# How many plants to start a heavily planted tank



## toemoss (Aug 21, 2014)

I'm starting a 75 gallon tank with MGOCPM and black diamond cap. I plan to follow the walstad method and would like to plant heavily from the beginning. 

I'm trying to find a rule of thumb for the number of plants I should buy to get it going. Something like number of plants per square inch of substrate. If it depends on the type of plants, would something like 15 amazon swords or 30 java ferns make it heavily planted? And does it matter what size they are when I buy them, or should I plant based on their future growth?

Thanks in advance...


----------



## HokieFish (Feb 5, 2012)

I think you really answered your own question. It is going to depend on the plant and how they are packaged (containers, bare roots, clippings, pots, cultured tissue in gel packs...). It also depends on if they are mature plants or small plants. 
You probably won't really know until you start planting how much you're really going to need. 
Are you getting your plants from a local fish store or buying online? I understand you don't want to underestimate the amount if you're buying online due to shipping, but you can always fill in the gaps with stuff found locally.


----------



## toemoss (Aug 21, 2014)

Yeah.. I guess I can wing it and see how it looks. I was planning on ordering online so I wanted a baseline to start with.


----------



## 691175002 (Apr 28, 2009)

toemoss said:


> Yeah.. I guess I can wing it and see how it looks. I was planning on ordering online so I wanted a baseline to start with.


I ordered online and found it was difficult to figure out how much to buy. From experience I would order ~10-30$ in plants per 10g, depending on where you are ordering from and what you are ordering.

One thing that I didn't realize is that locally purchased plants take off a lot quicker than those purchased online. A lot of plants will take weeks to acclimate, or even discard all their leaves when moved into very different water conditions.

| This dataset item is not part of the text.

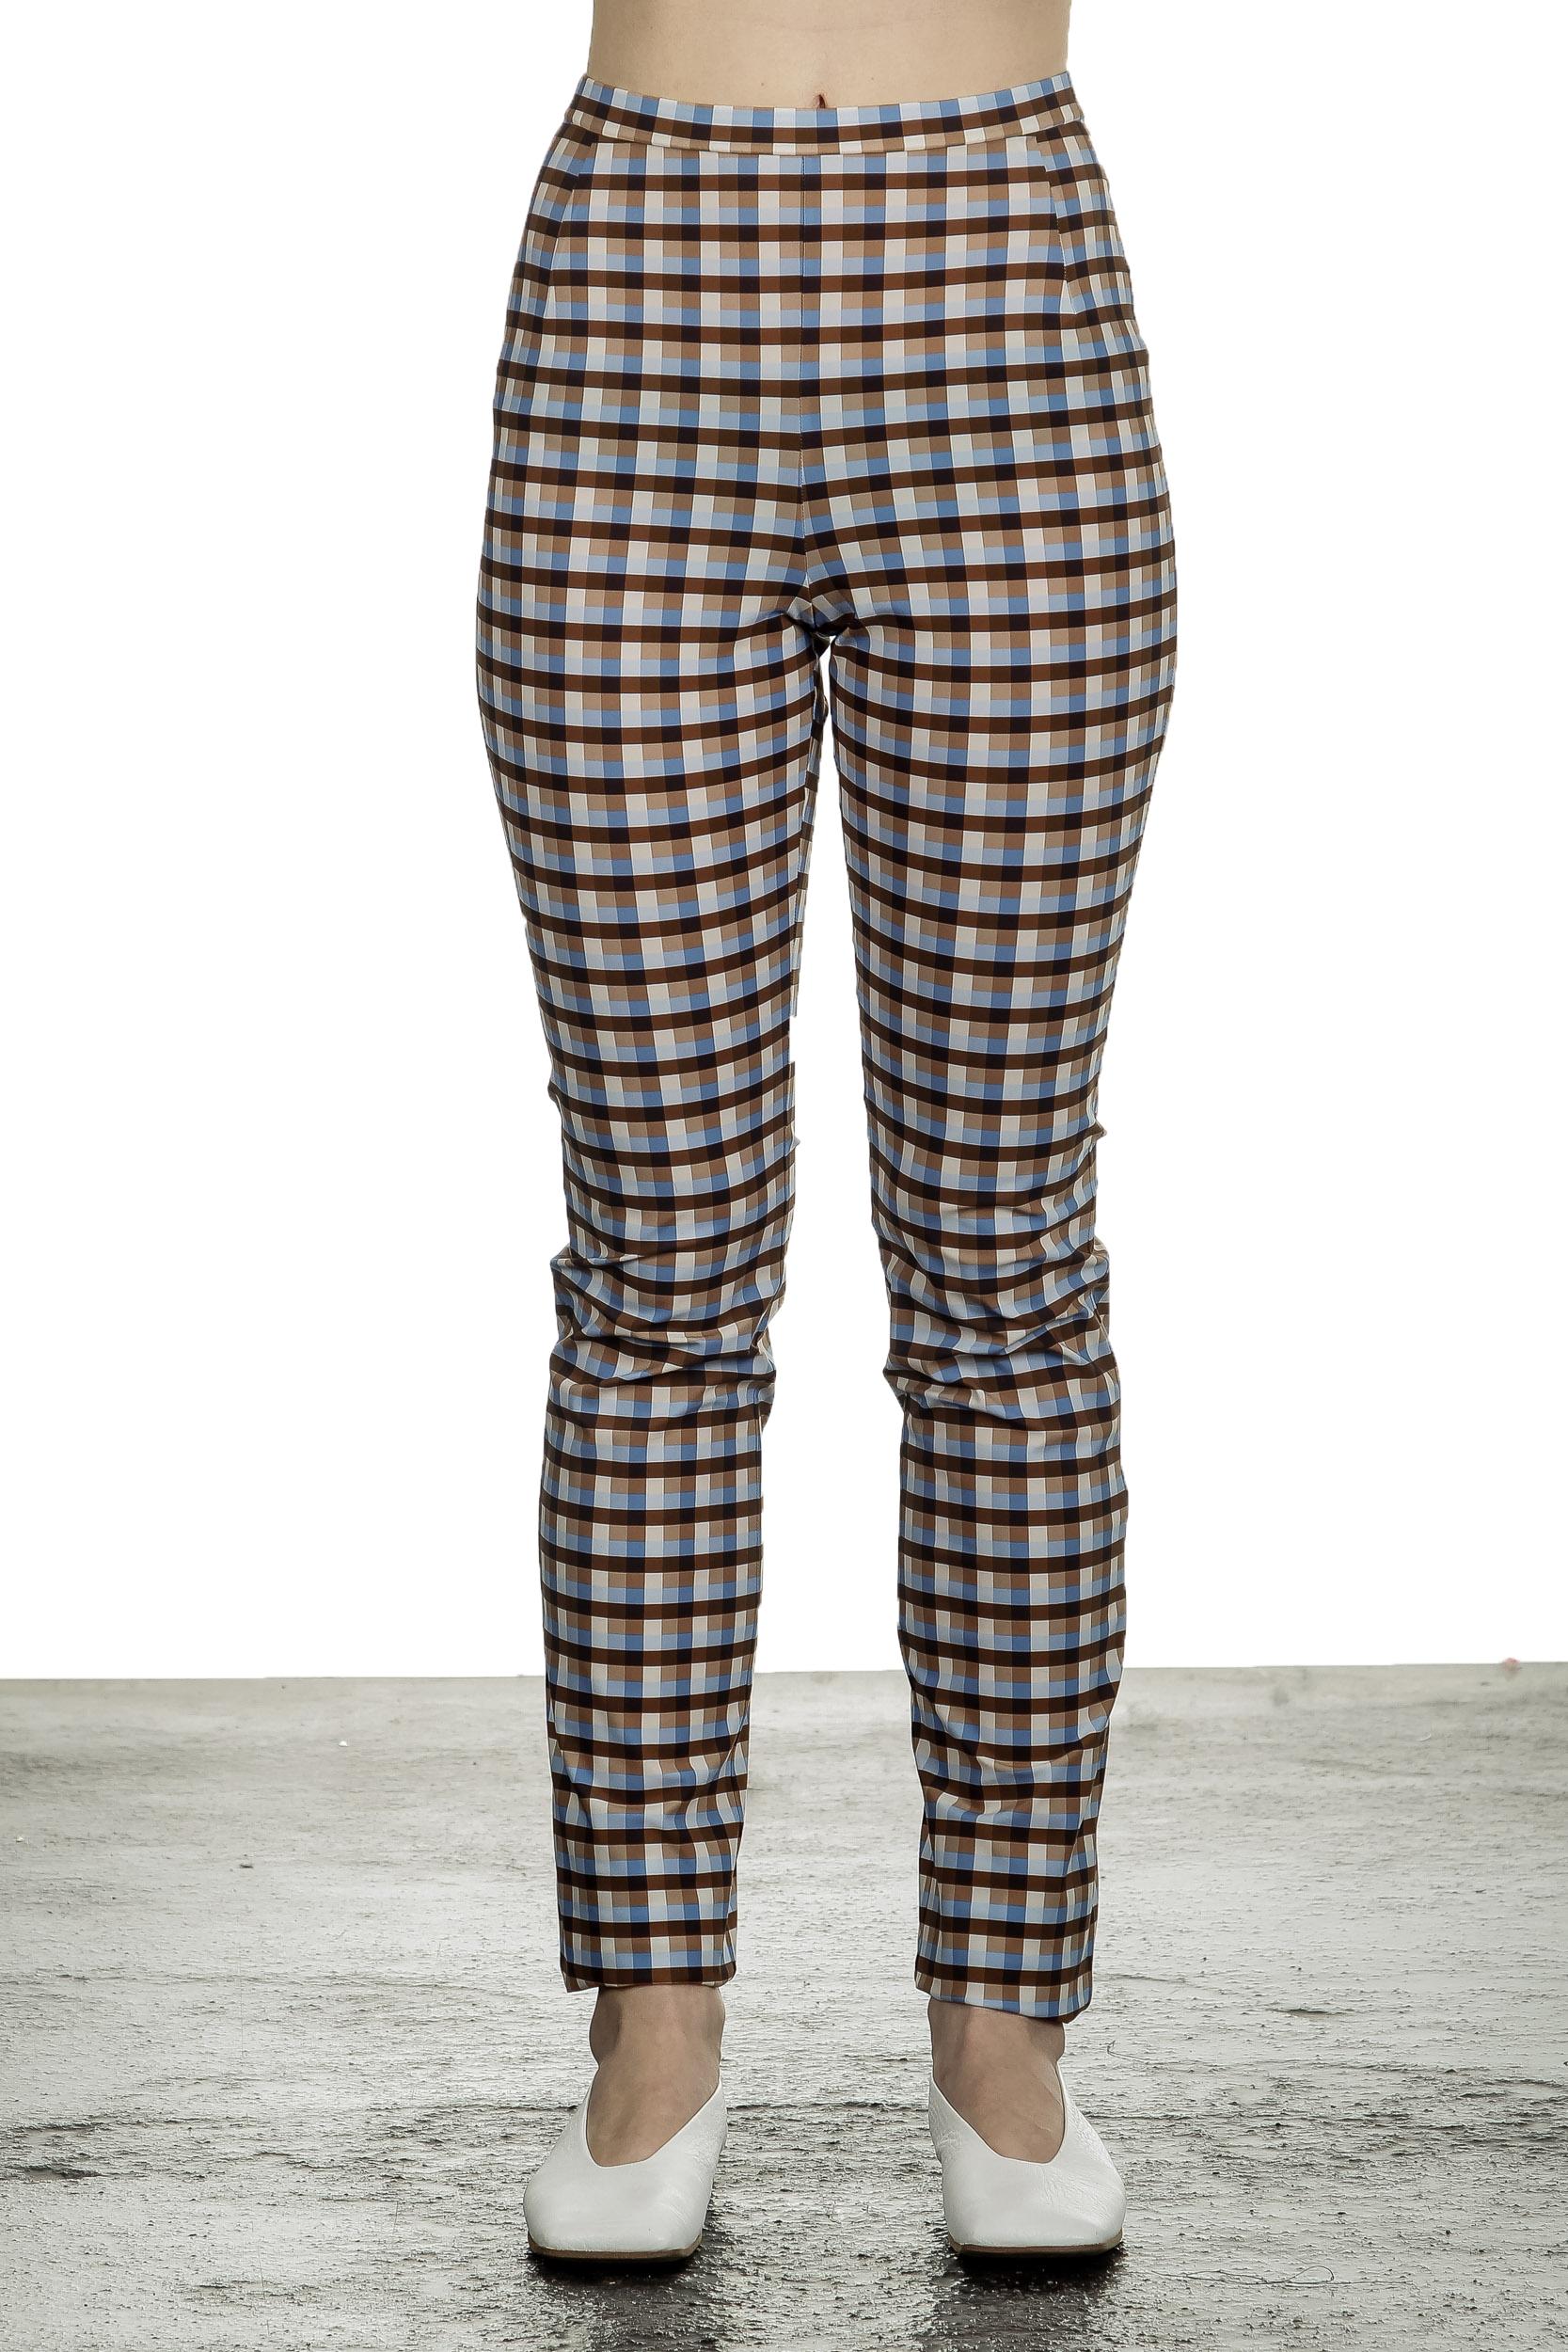 Hosen - Schella Kann 2 Damen Hose mit Print mehrfarbig  - Onlineshop Luxury Loft

Everything I purchased locally was throwing out new leaves within a day, whereas even the fastest growers took a week to really get started if they had been shipped. If your goal is to fight off algae from the very beginning that can be important.


----------



## toemoss (Aug 21, 2014)

691175002 said:


> One thing that I didn't realize is that locally purchased plants take off a lot quicker than those purchased online


That's good to know.. I'll do some price comparisons and if they're reasonably priced locally, I may lean in that direction. I looked briefly in my LFS, but they didn't have much of a selection, and only about half a dozen plants in a tank with others scattered among the other fish tanks. I didn't bother to note the prices. The plants did look pretty healthy, and they were completed submerged which should help with the transition.

Thanks for the tip...

Bump:


----------



## HuntCast (Aug 25, 2013)

You can also use floaters like duckweed and frogbit to help suck up the excess nutrients.


----------



## toemoss (Aug 21, 2014)

I just found this guide which recommends planting so that only 10-15% of the substrate is visible.

That's a lot of plants!!


----------



## philipraposo1982 (Mar 6, 2014)

i have a 75g heavily planted and I can tell you it take a TON of plants to get it to look full. Its highly unlikely you will even come close to being heavily planted unless yours spending hundreds on plants.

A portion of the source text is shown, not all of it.